Politics moves fast. Housing moves slow.

While many believe our political system moves painfully slowly, it is nothing compared to the time taken to lay bricks down and build a house.

Days after the Windrush migrants’ scandal triggered a mini Cabinet reshuffle, James Brokenshire MP returned to the Cabinet to take the reins at MHCLG, becoming the sixteenth minister to hold the portfolio for housing since 2000. Just days after that, the English Local Elections was widely viewed as a bell-weather on May’s ability to control Brexit as many went to the polls for the first time since the 2017 General Election.

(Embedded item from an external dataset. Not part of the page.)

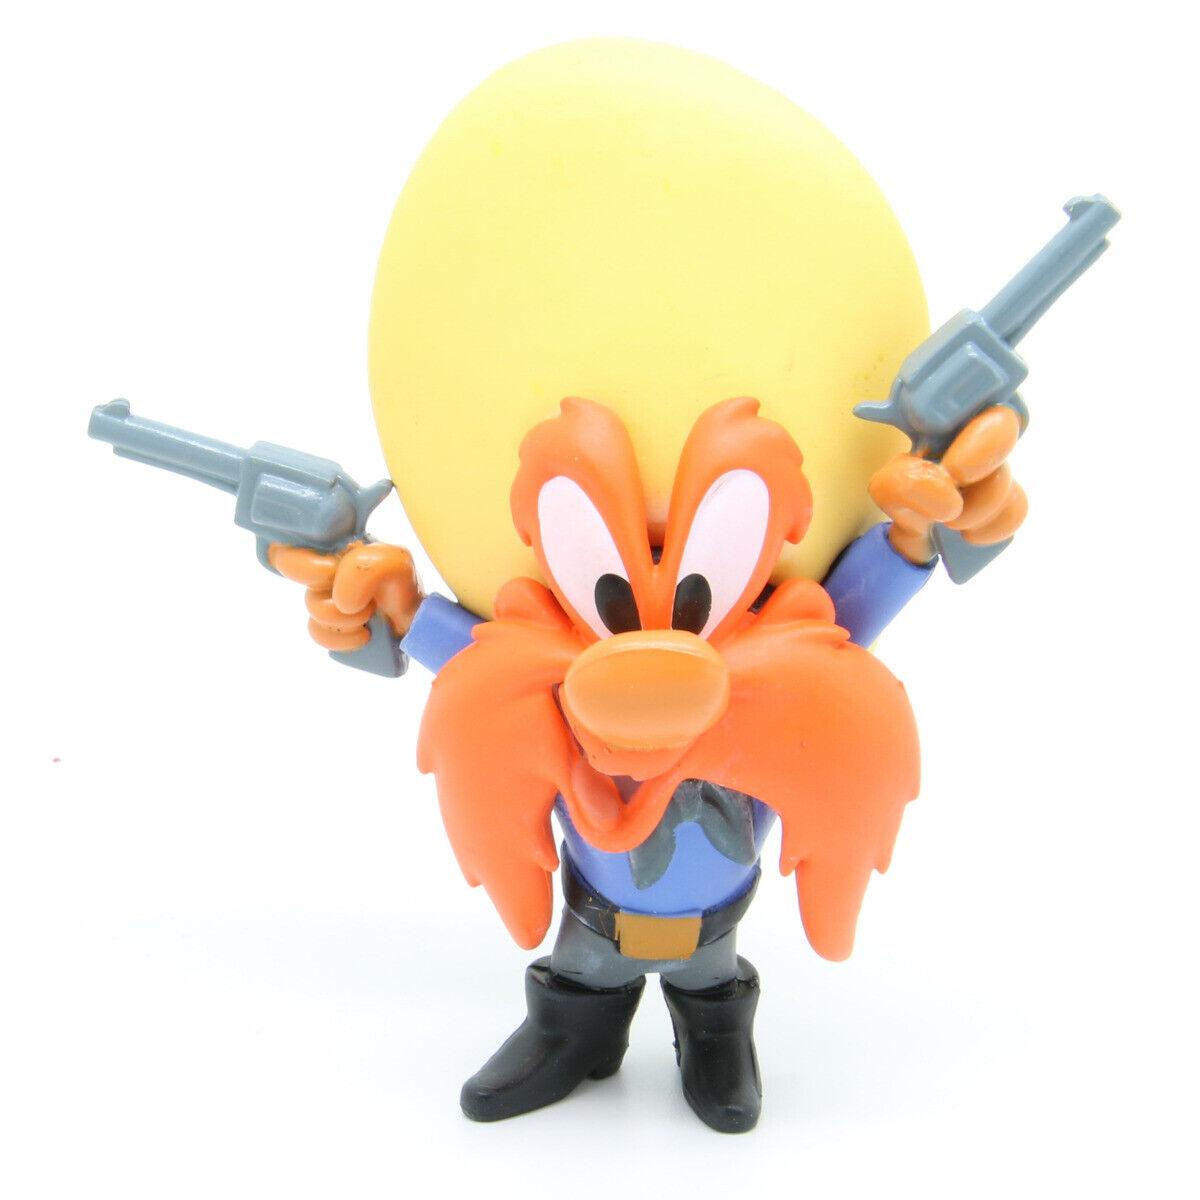 Funko Mystery Minis Saturday Morning Cartoons Warner Bros - Yosemite Sam Toys...

Within London, however, housing was widely billed as the definitive issue. London First found that 43% of those renting in London agreed that it would help them to decide how to vote in the elections. This was not surprising given that late last year Hometrack found that house prices in London are 14.5 times the earnings of an average Londoner – the highest ever on record.

More important still, Londoners cast their ballots up and down the capital in the shadow of Grenfell Tower – seen by many as epitomising the gulf between the rich and the poor in their experience of housing. And yet, defying the political punditry and emotive circumstances, the Conservatives held onto control in Kensington and Chelsea, with Labour taking just two seats in a high-turn out year.

While the Kensington and Chelsea Tories may be breathing a sigh of relief, they do so in part thanks to our short attention span and voracious appetite for news. Just last night, David Dimbelby steered the questions away from Grenfell during Question Time, despite it being held just half a mile from the site with members of Justice4Grenfell in the audience.

Simply put, our political cycles outpace the long-term planning needed to combat the housing crisis. Theresa May wants the UK to build 300,000 new homes a year. With a former lawyer and her long-term ally at the helm of MHCLG, it is hoped that Brokenshire will be the safe pair of hands needed to steer this country’s housing on a smooth course – that is for as long as he stays in office.